**WHAT IS REQUIRED**
When you repeat the listing below, keep every word exactly and leave out each picture.
──────── STORED DATA ────────
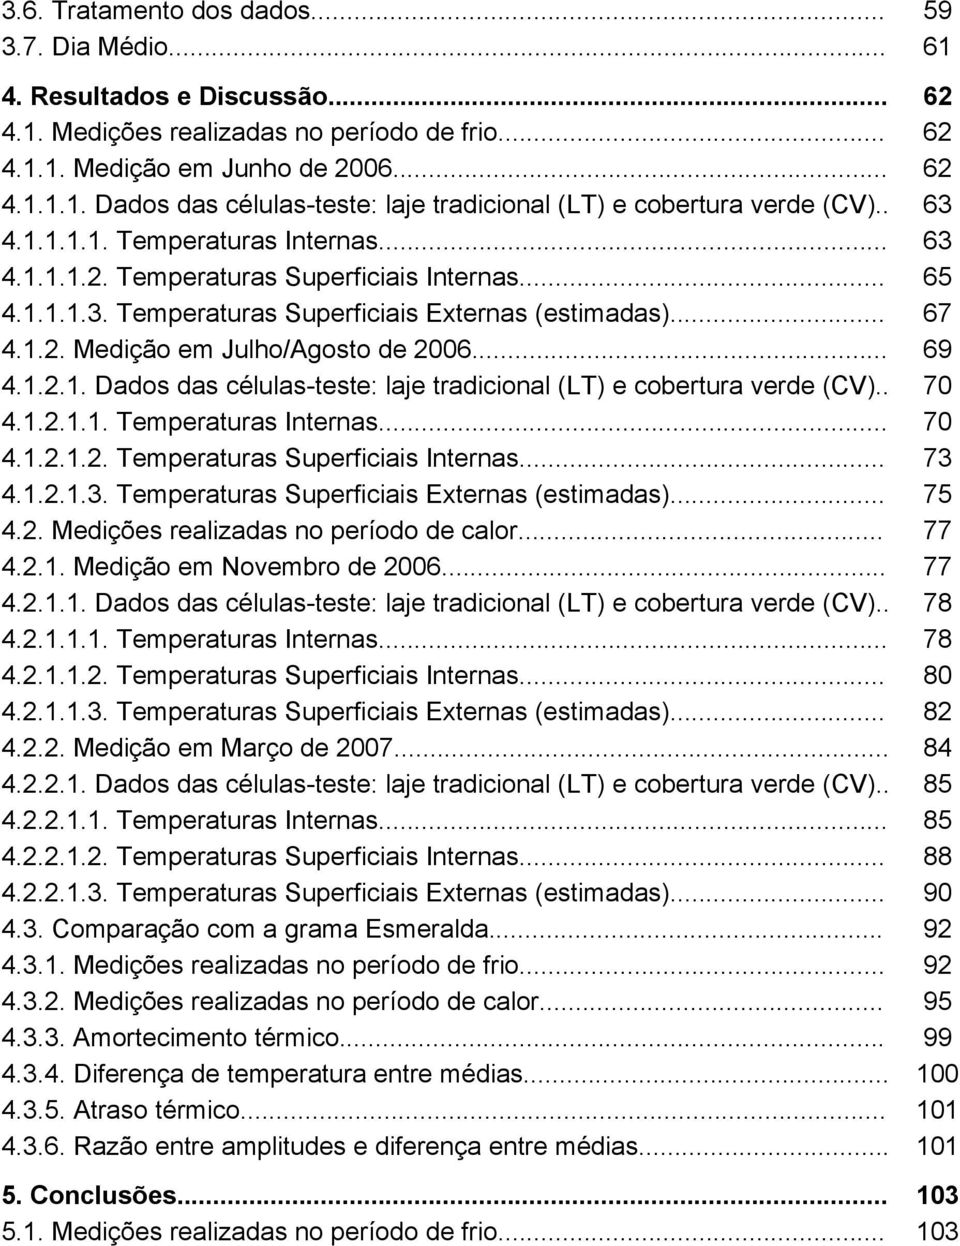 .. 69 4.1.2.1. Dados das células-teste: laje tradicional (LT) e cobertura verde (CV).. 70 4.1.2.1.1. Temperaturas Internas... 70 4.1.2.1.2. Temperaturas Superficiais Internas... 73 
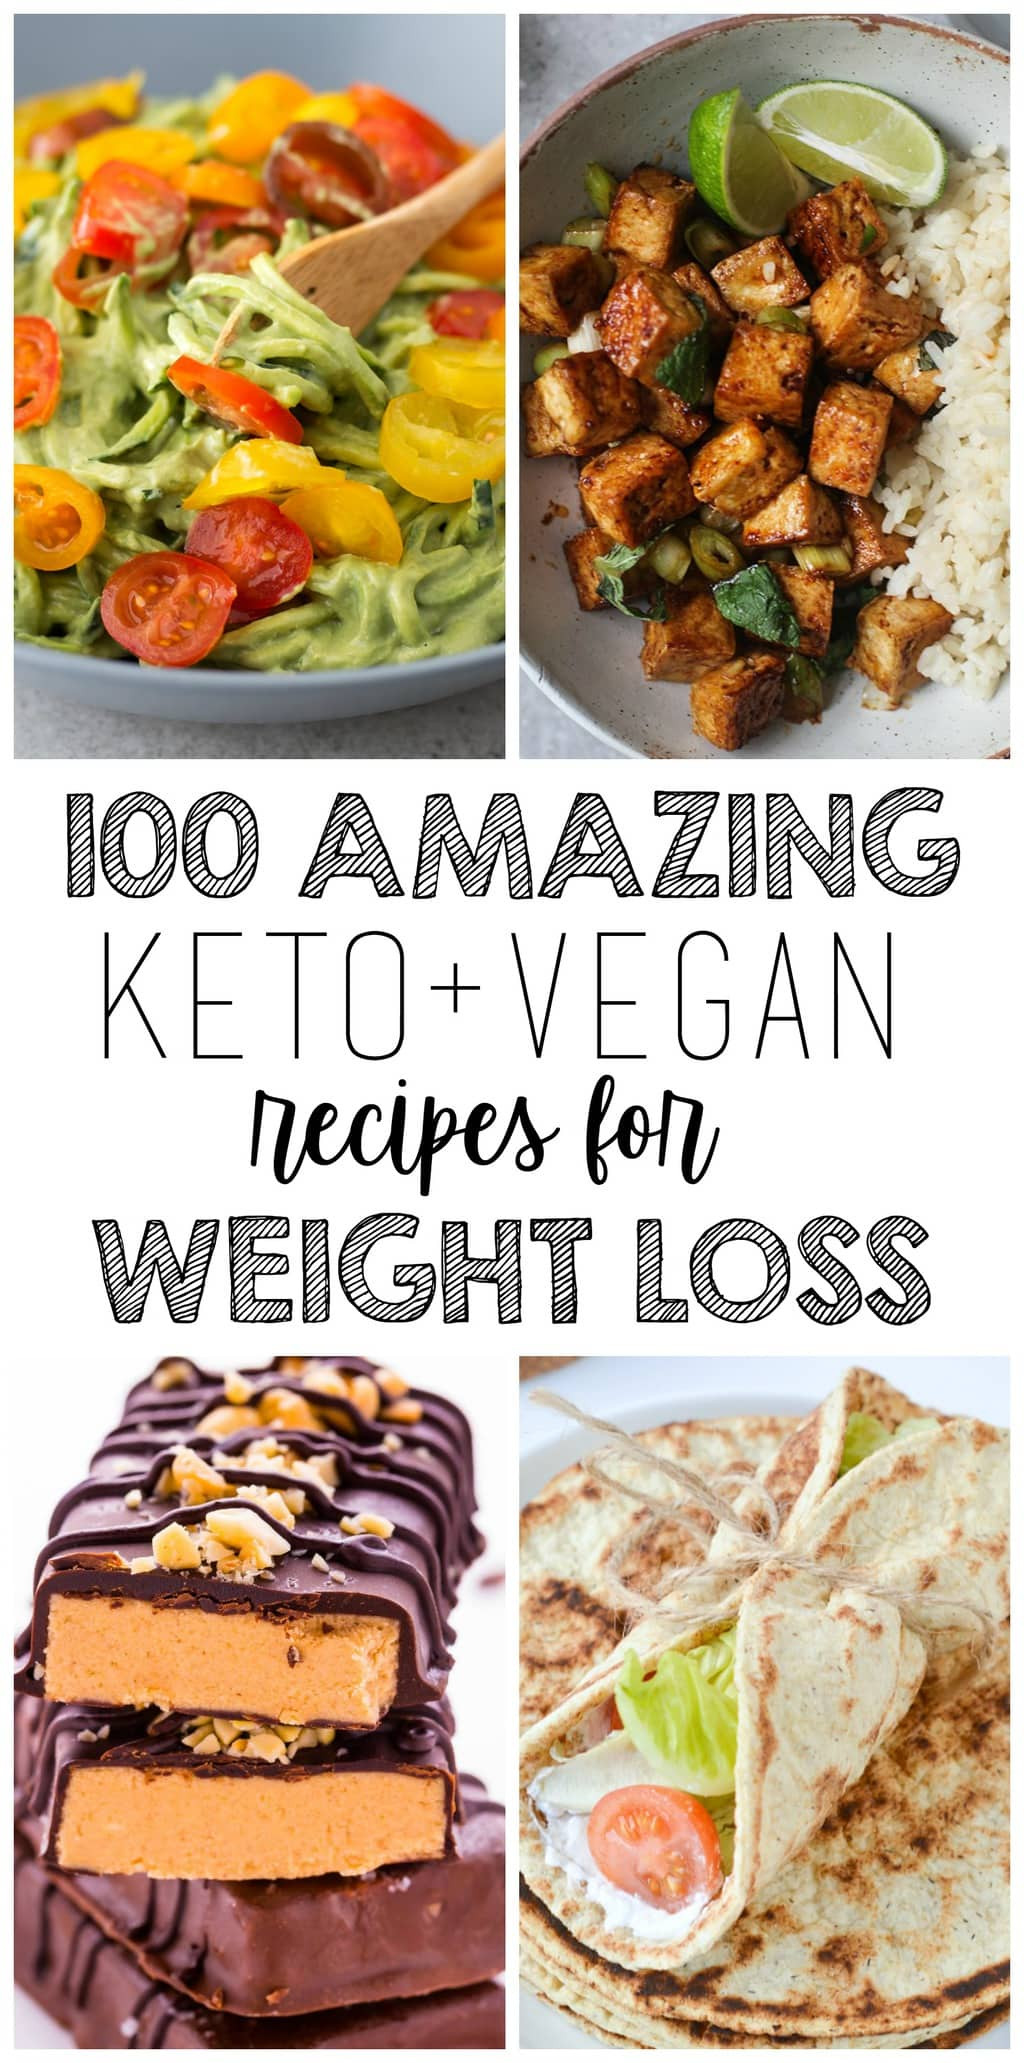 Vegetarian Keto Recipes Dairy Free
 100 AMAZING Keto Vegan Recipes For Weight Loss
────────
**SOLUTION TO THE EXERCISE**
 .. 69 4.1.2.1. Dados das células-teste: laje tradicional (LT) e cobertura verde (CV).. 70 4.1.2.1.1. Temperaturas Internas... 70 4.1.2.1.2. Temperaturas Superficiais Internas... 73 
 Vegetarian Keto Recipes Dairy Free
 100 AMAZING Keto Vegan Recipes For Weight Loss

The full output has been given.